No supe cómo lo hizo, pero con su poder de macho musculado, me arrancó las braguitas deslizándolas por debajo de mis nalgas, pasándolas entre mis gordas piernas hasta que al fin me las quitó.

—¡Tenemos que parar, Valentino, tenemos que…!

—Calla, guarrita —se incorporó un poco, sosteniendo mi ropa interior con sus dedos—, abre la boca y muérdelas, para que te quedes calladita un rato y lo disfrutes, porque calladita te ves más bonita. Eso sí, quiero que sigas pujando como puta, que me encanta cómo lo haces.

Tampoco sé por qué abrí la boca y mucho menos la razón por la que obedecí, permitiendo que me metiera mis braguitas empapadas entre los dientes. Pero lo hice, y me sentí humillada, grotesca y absurda.

—¡Gudggd! —gimoteé, con mis bragas en la boca.

Y él volvió a su fascinante labor de comerme mi sexo con avidez.

Cuando menos acordé mis manos presionaban su cabeza rapada sobre mi coño, donde su lengua y labios ya me lo comían como tú nunca lo habías hecho, Jorge. ¡Como me avergüenza admitirlo y saber que nunca te enterarás de ello!

Es que no sabría cómo decirte lo ridícula que debería de verme allí, temblando sobre el escritorio de cristal, con mis muslos sobre los hombros de Valentino, con las braguitas entre mis dientes mojándose con mi propia babaza, y mi garganta absorbiendo los gritos de perra en celo que estaba dando.

—¡Mggmmggmg! ¡Mggghghh!

Su barba raspando mis labios vaginales me enloquecían, mi culo se estremecía sobre la superficie mientras él me devoraba y me convertía en un pedazo de carne de su propiedad. ¡Quería empujarle hacia atrás! ¡Ansiaba gritar que me dejara en paz y removerme bruscamente para apararlo!
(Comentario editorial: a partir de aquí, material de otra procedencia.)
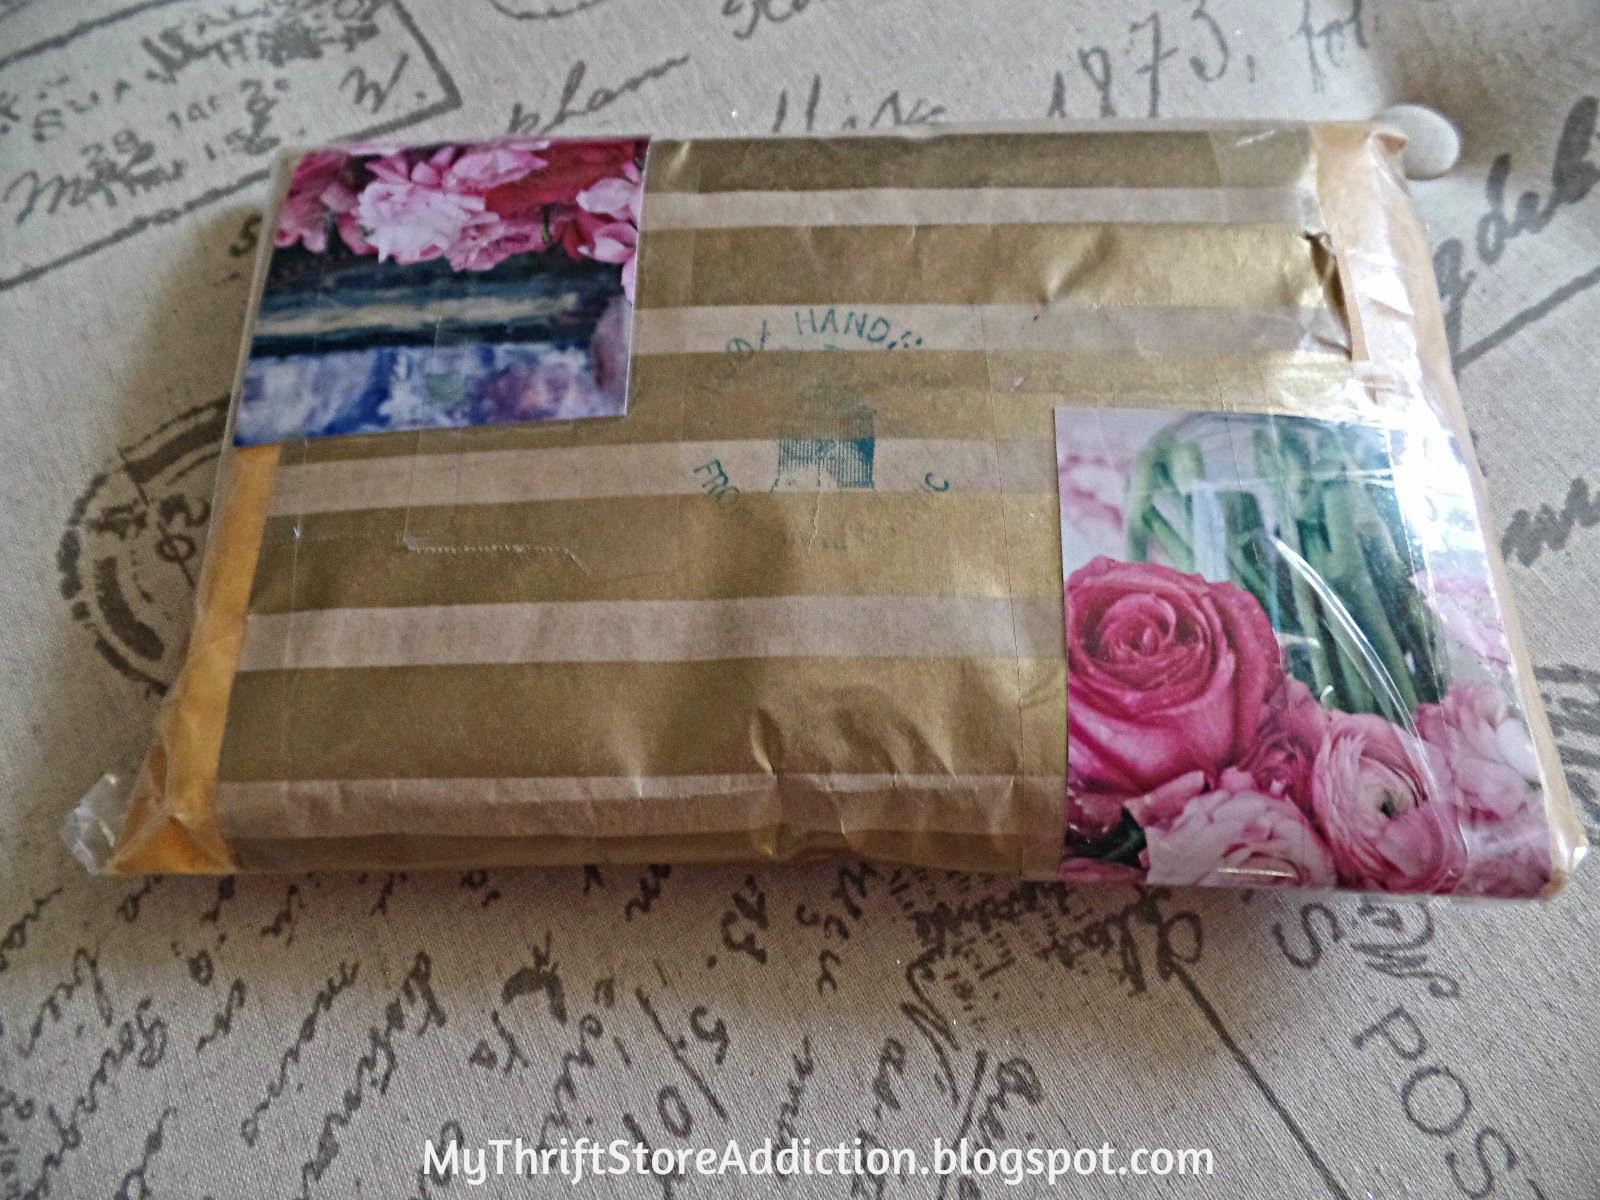 Blogging gift

Pero la excitación me tenía dominaba; el placer me consumía, ¡ese oral que me proporcionaba me estaba matando de gusto!

Tú nunca me hiciste uno igual, Jorge, lo siento.

De tanto placer y gritos incontenibles, escupí las braguitas de mi boca y comencé aullar de placer.
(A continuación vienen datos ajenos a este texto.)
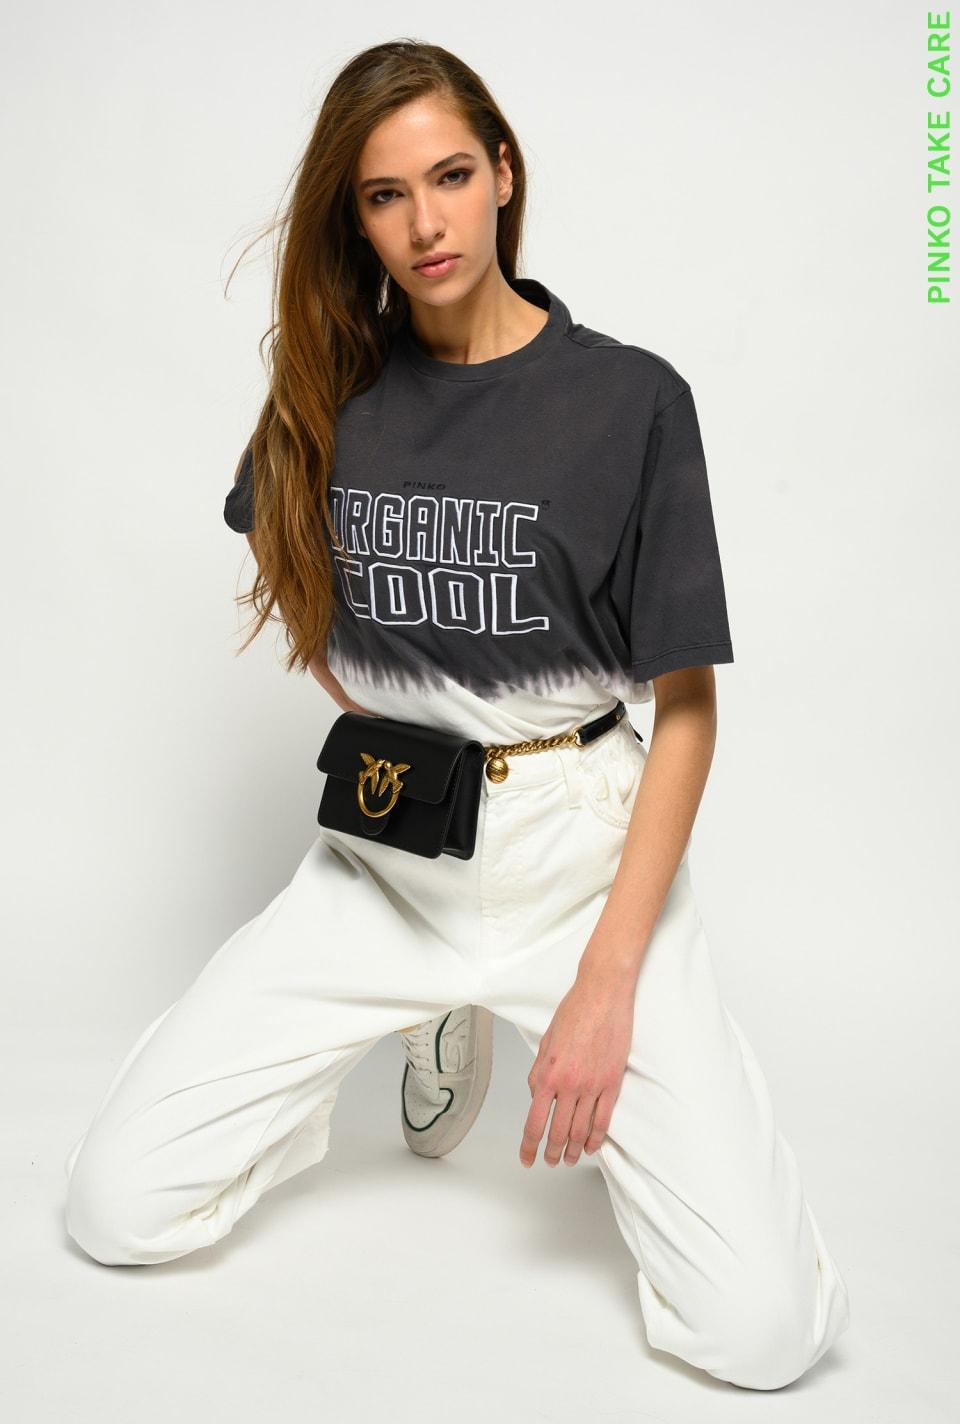 Camiseta Organicool - Pinko

—¡Ahhhh! ¡Uffff! ¡Ammmm! ¿Qué… me hac…es? ¡¿Qué… me haceees?!

Con mis piernas y pantorrillas lo rodeé por detrás de su nuca, envolviéndolo de forma oval. Con cada pujido, impulsaba mis muslos para enterrarlo más en mi coñito, así una y otra vez. De vez en cuando los tacones se clavaban en su espalda alta, y él, con todo y el dolor, seguía devorándome.

—¡Aaahhh! ¡Aaaahhh! —lloriqueaba.

—¡Uffff, eres virgen, guarrita, estás estrechísima! —bramaba mi jefe poseído por el deseo. Si Valentino hubiera sabido lo que mi «estrecho» coño era capaz de succionar a esas alturas de mi vida, y la razón incuestionable por la que no podía dejar que me penetrara sin una orden expresa, no habría pensado lo mismo—. ¡Mi lengua apenas te entra, mamacita, lo que será mi polla cuando te la meta!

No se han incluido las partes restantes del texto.